Anyone still experiencing any issues please email me directly info {at} detailedclean dot co dot uk.

(Please provide order numbers so I can pull up Tracked details.)

I will look into each individual case and give updates or propose solutions accordingly.

2 weeks to wait for any order, irrespective of bank holidays or not is too long.

Andrew


----------



## Gas head

DetailedClean said:


> Anyone still experiencing any issues please email me directly info {at} detailedclean dot co dot uk.
> 
> (Please provide order numbers so I can pull up Tracked details.)
> 
> I will look into each individual case and give updates or propose solutions accordingly.
> 
> 2 weeks to wait for any order, irrespective of bank holidays or not is too long.
> 
> Andrew


I am sure its not a problem of detailed cleans making, they have been in touch and have been actively trying to rectify the problem, royal mail are so unreliable


----------



## brooklandsracer

sistersvisions said:


> I had the same..Ended up canceling the order...They stated it was posted when in fact it wasn't...


Does not look good that or other problems members have had.
I certainly will give them a wide steer.


----------



## Guest

brooklandsracer said:


> Does not look good that or other problems members have had.
> *I certainly will give them a wide steer*.


Because Royal Mail can't do there job ?

Never had problem with them before, there ebay positive feedback out numbers the negative feedback massively, a couple of lazy bottom feeders working for Royal Mail ruining some ones hard work at running at business


----------



## sistersvisions

combat wombat said:


> Because Royal Mail can't do there job ?
> 
> Never had problem with them before, there ebay positive feedback out numbers the negative feedback massively, a couple of lazy bottom feeders working for Royal Mail ruining some ones hard work at running at business


i disagree.. its Detail Clean who updates the item posted on there ebay page...its Detail Clean who give you the tracking number....its Detail Clean who then does not post it and after two weeks waiting its still not been posted...its got nothing to do with the post office.


----------



## DetailedClean

@sistersvisions respectfully, you dont know the full circumstances of the issue that possibly occurred here between the dates 6th Aptil and 18th April which has led to sealed Royal Mail bags not arriving at RM depots.
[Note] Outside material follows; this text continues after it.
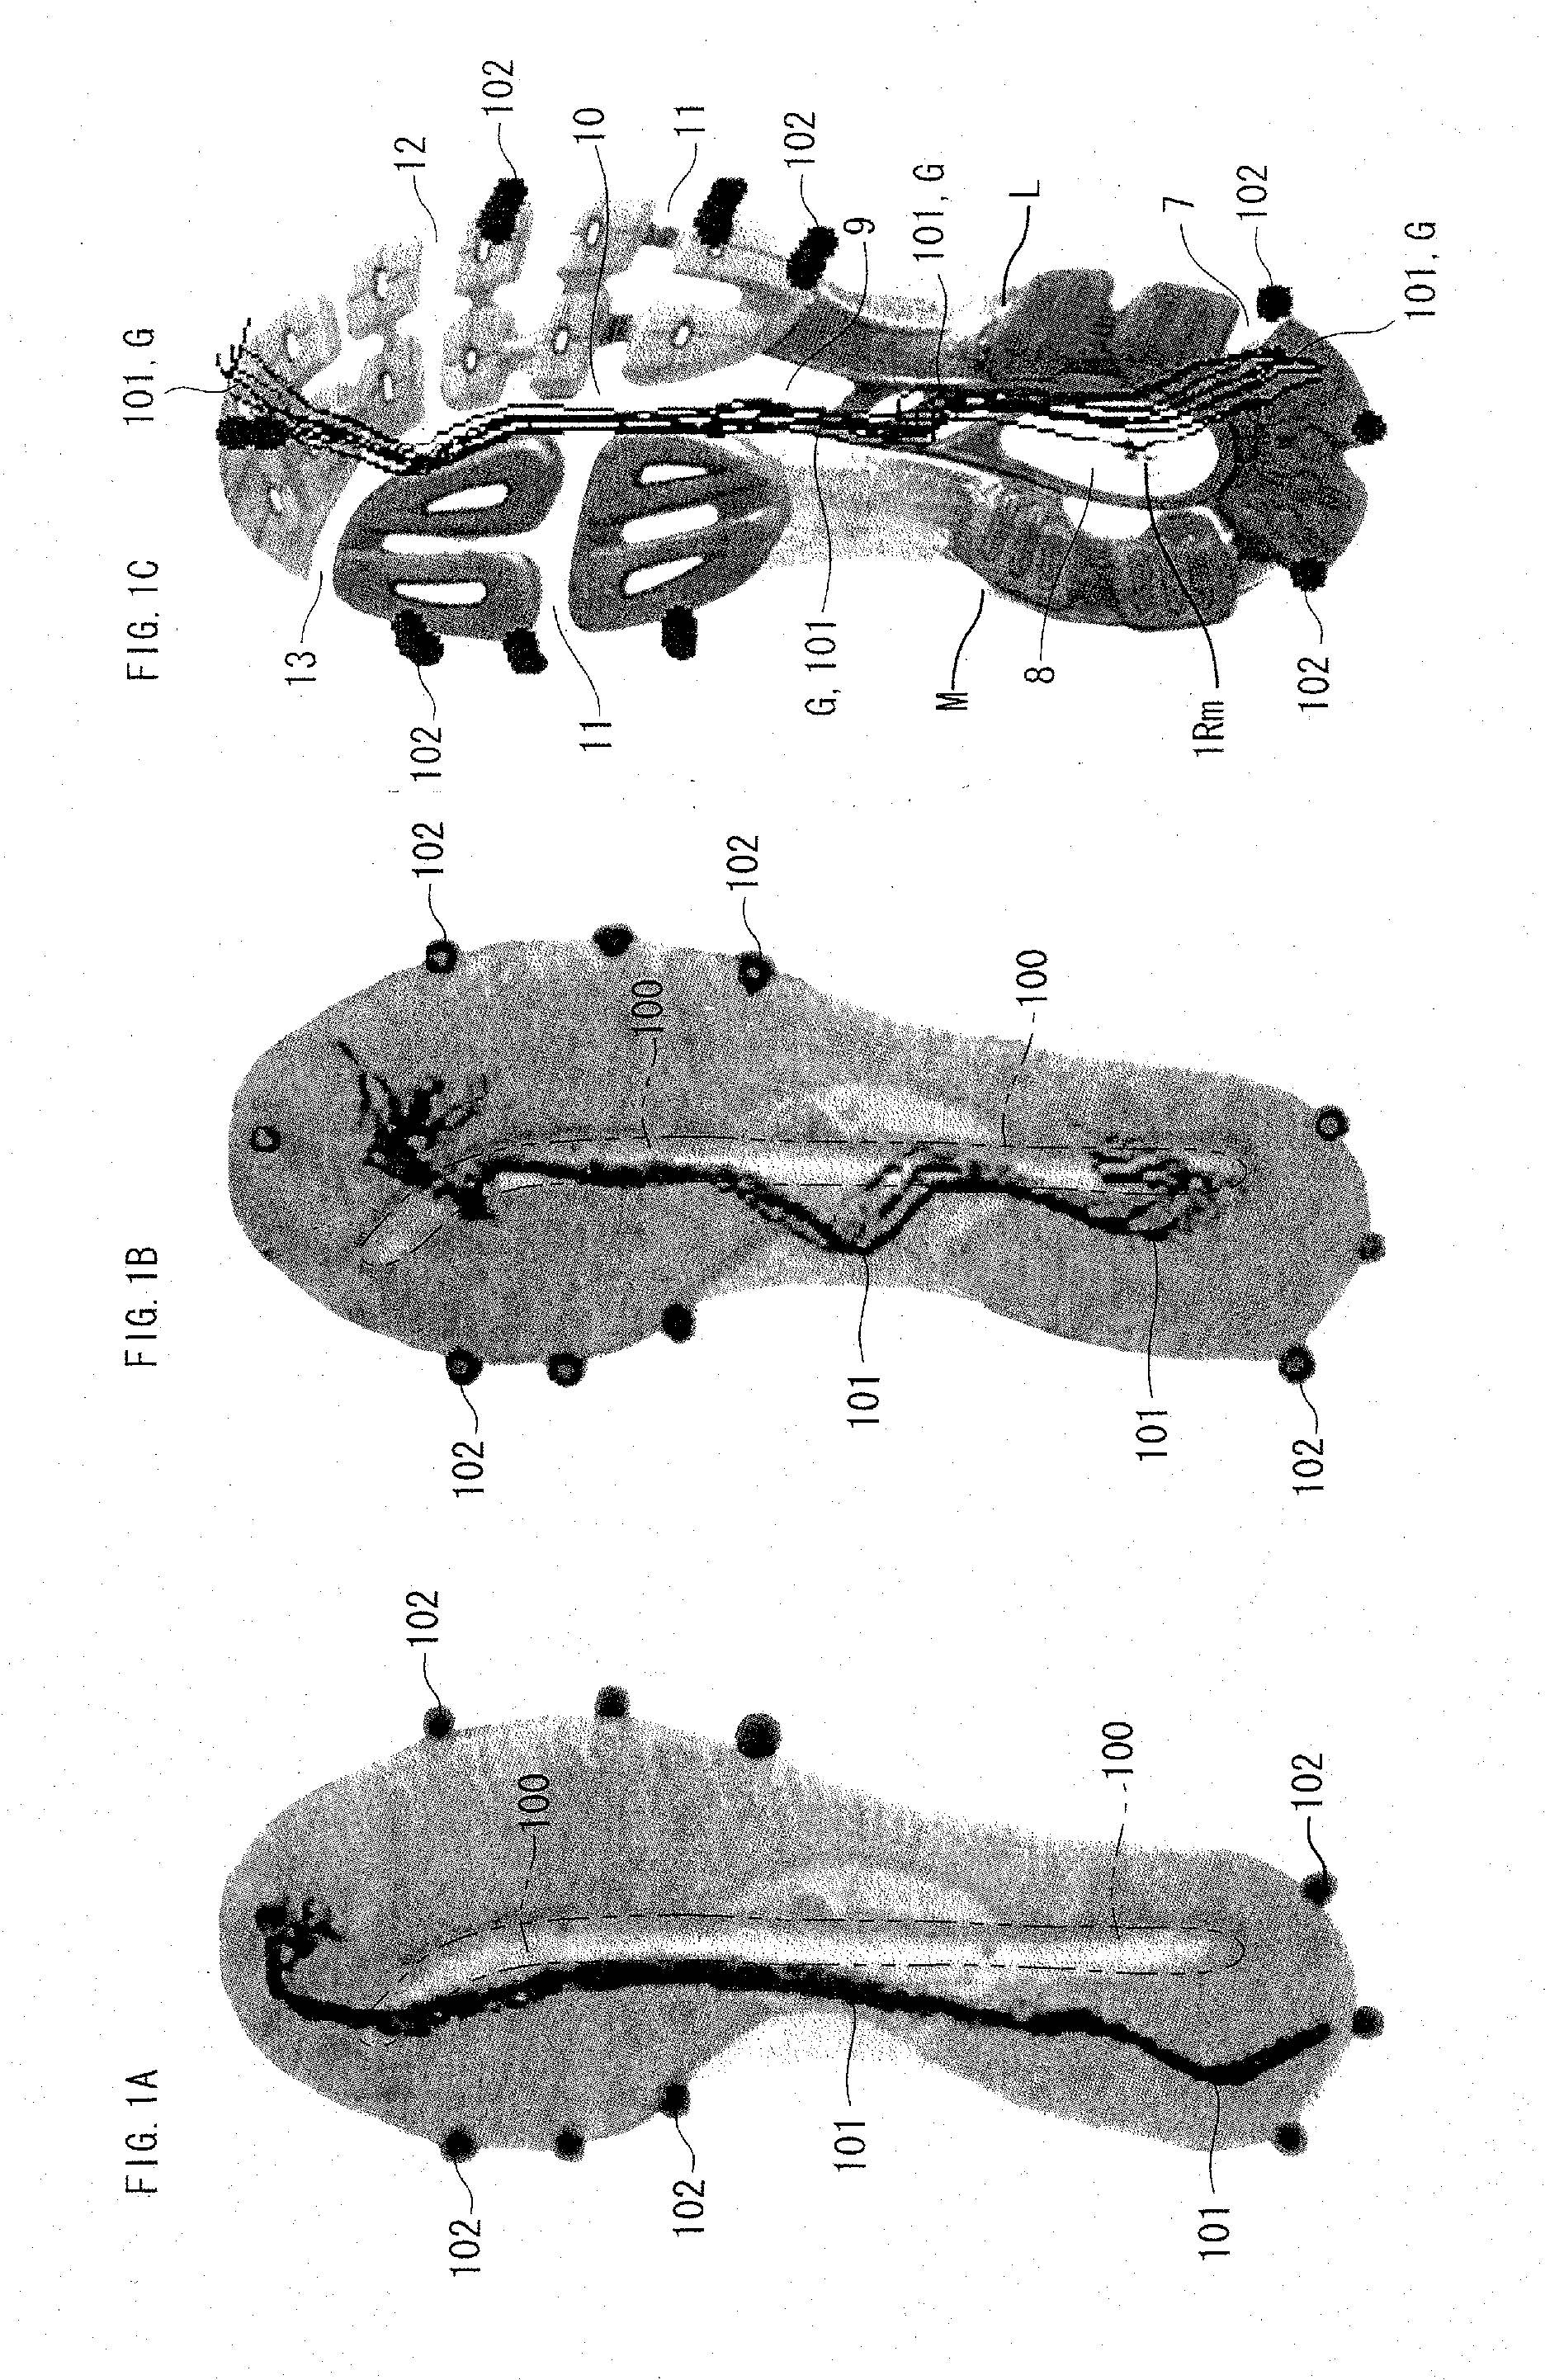 Shoe sole of athletic shoe with high running efficiency

Its not something I will go into publicly either.

Further, Tracked 48 labels are billed at scan at destination, meaning they can be re-used if they haven't been scanned but have been manifested.

We work to a high degree of professionalism, our Amazon and eBay ratings are consistently good over the past 5+ years. Just on amazon for example we run at about 98% on last look.
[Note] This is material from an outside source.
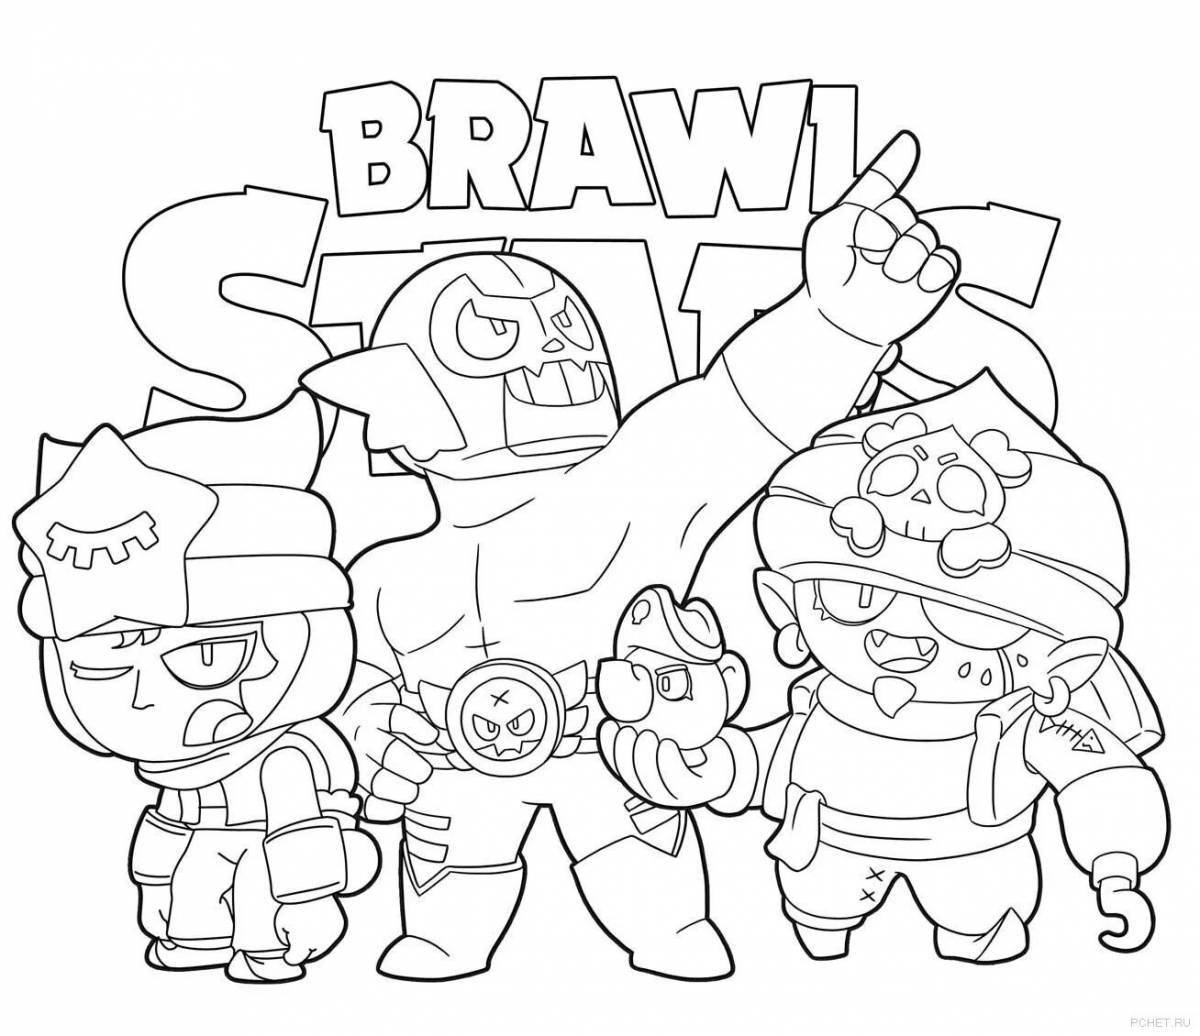 Coloring book with cute bravo stars stickers

We have been a Detailing World forum sponsor for a considerable time too and our forum shows a significant lack of these type of threads.

I totally agree that 2 weeks to wait is not good enough. Once we were alerted to these issues we have tried to rectify if given the opportunity or like with you (I assume) provided an immediate refund.

I will just reiterate that anyone with issues should email me directly info {at} detailedclean dot co dot uk

Thankfully, since my last message there haven't been any new messages so I believe most customers do now have their goods or tracking is showing delivery very shortly.


----------